Running ANN algorithms on the computer side uses floating-point operations, whereas realizing floating-point operations on the FPGA consumes a huge amount of resources. We converted floating-point operations to fixed-point operations, which converts all input values and parameters in the ANN to the specified fixed-point format. Since the ADC can output a 12-bit complement, the desired number of fixed points can be obtained by complement and shift operations. The fixdt (1.18.14) mode was selected after constant adjustment of the fixed-point number pattern, and taking into account hardware cost and calculation accuracy. This represents numbers that will be represented using 18 bits, 1 symbolic bit, 3 integer bits, and 14 decimal bits. We performed RTL simulations on a computer for an FPGA project built using the fixed-point model. The results show that the error range between the fixed-point model and the floating-point model is (0.1 mm, 0.2 mm), which would increase the position resolution by approximately 0.2 mm, thus indicating that the ANN algorithm model works well on the FPGA. This effect can be ameliorated by increasing the number of fixed-point bits by using a more powerful FPGA.
Compared to CPU, using FPGA to implement ANN results in a significant increase in speed, which is reflected in the parallelism within the algorithm. For matrix calculations in ANN, the CPU usually completes one unit calculation before proceeding to the next unit and waits for the program to finish before proceeding to the next run, which consumes a lot of time even with a high running frequency. Computation using FPGA can be highly parallelized, not only in matrix computing, but also in different layers of the network. In our project, the FPGA ran at 500 MHz and consumed approximately 3000 ns to complete a single calculation, thus processing data at speeds up to 3.3 × 105 tracks/s in theory, which is difficult to achieve with a CPU. In fact, this approach speeds up the analysis of data not only in terms of the speed of the calculations, but also in regard to of the volume of data transferred and the drastic reduction in manpower required. As shown in Equation (2), the centroid method requires a lot of logical judgments and division operations, which are difficult to implement on FPGA and slow to run, which makes it unsuitable as an algorithm for online track vertex reconstruction.
5. Conclusions
In this paper, the MPGD track vertex reconstruction method was investigated and a scheme for online track vertex reconstruction was proposed. The centroid method, a conventional reconstruction algorithm, was first introduced and its reconstruction results were presented. The results show that the centroid method has a larger reconstruction error when the particles are not perpendicularly incident. In this situation, we propose the use of ANN for the track vertex reconstruction. Two networks were trained using a set of simulated generated data to complete the dimensionality reduction and reconstruction of MPGD track data. The trained neural networks have good convergence and strong generalization ability. The reconstruction results of the centroid method and ANN algorithm were compared, and the results show that the neural network model reconstructs the particle incidence position more accurately than the center of gravity method, which results in a better position resolution of 0.35 mm for the detector.

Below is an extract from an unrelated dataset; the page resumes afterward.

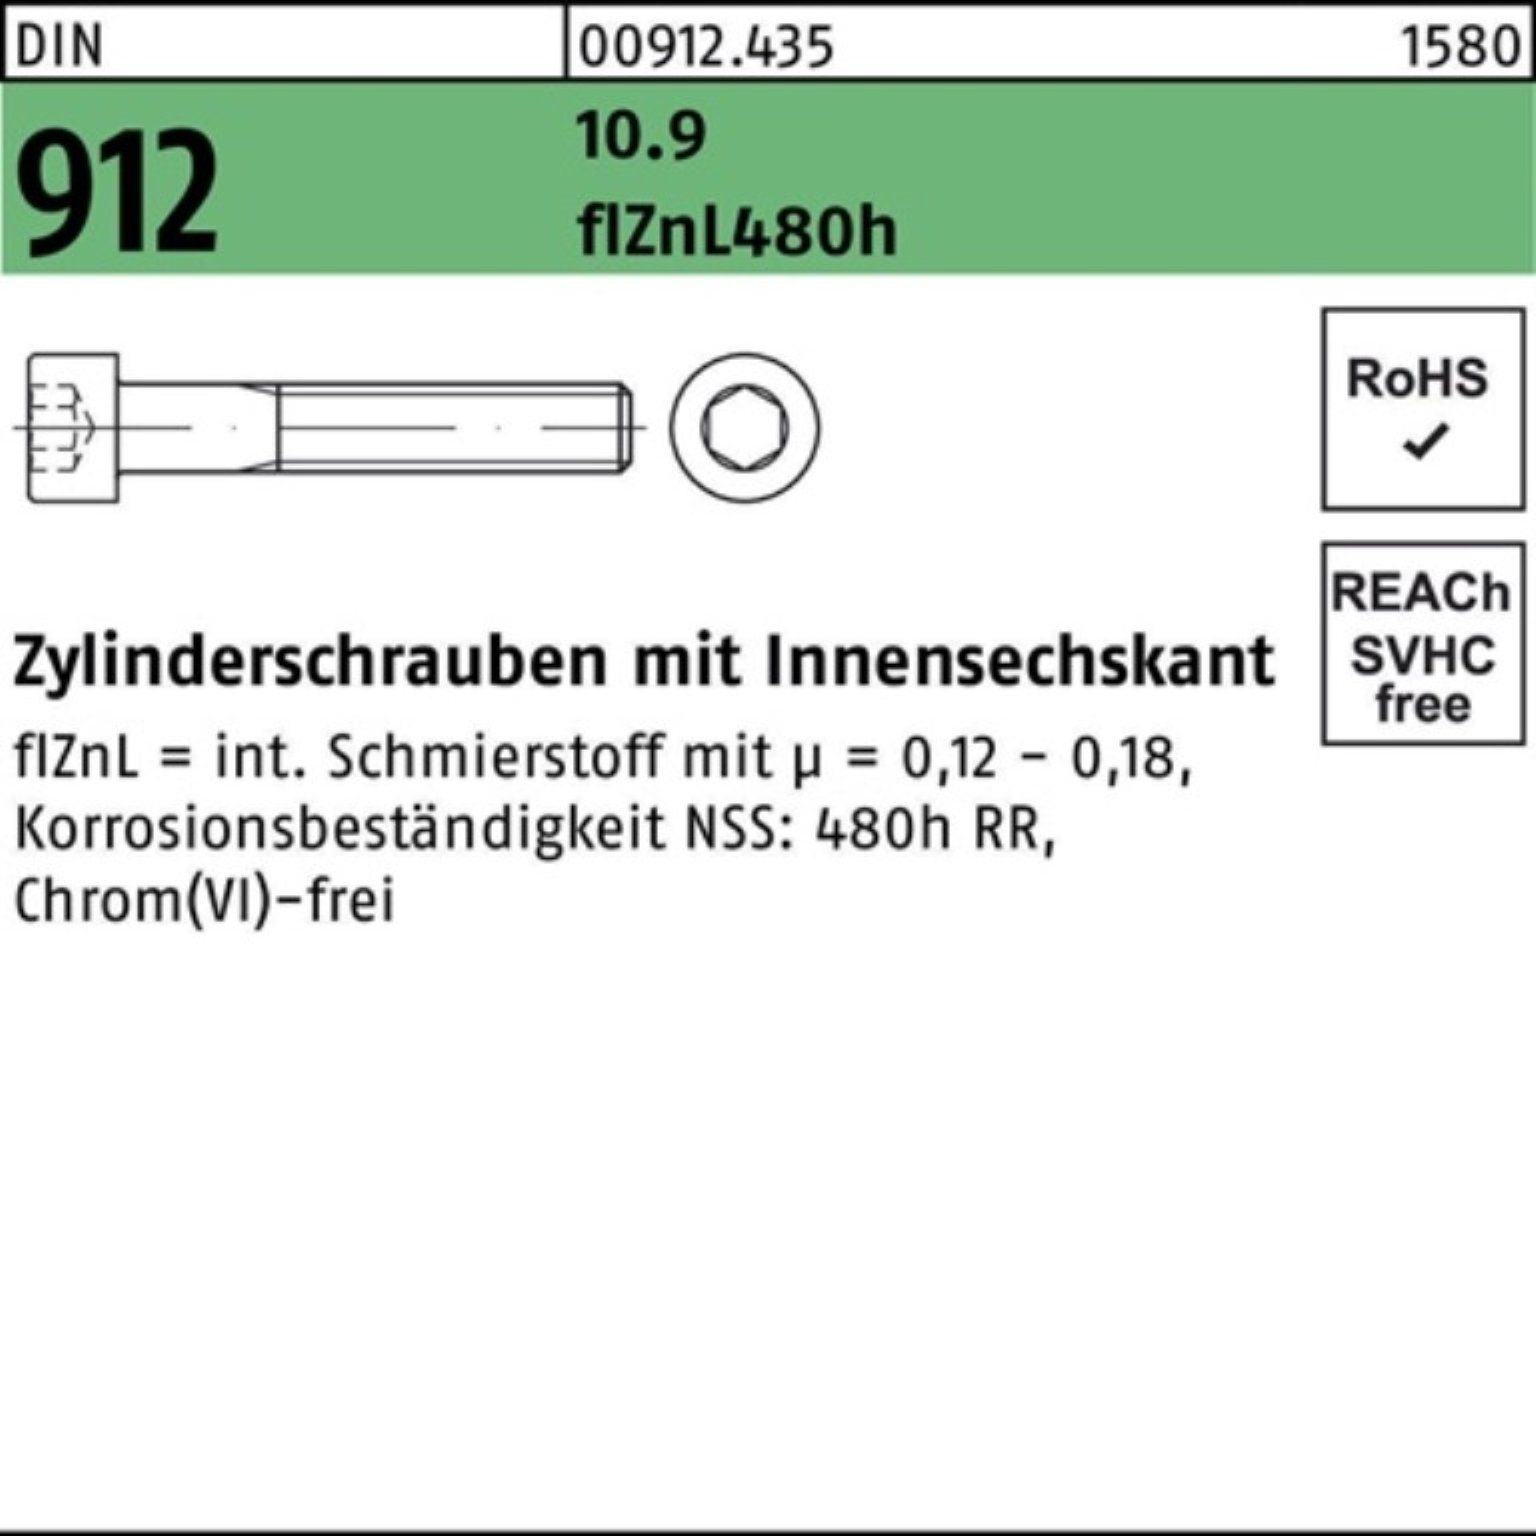 Pack Innen-6kt Zylinderschraube M5x45 DIN flZnL/nc/x/x 912 Reyher Zylinderschraube 10.9 200er

Most traditional methods of track vertex reconstruction are serial algorithms on a computer, which result in a reduction in the speed of data analysis. In this paper, we proposed that the ANN reconstruction algorithm be implemented on FPGA. An FPGA design based on the principle of the ANN algorithm was proposed to improve the data analysis efficiency by using the high operating speed of FPGA. The computer receives only valid data from the analysis of the raw trail data, thus reducing the amount of data storage.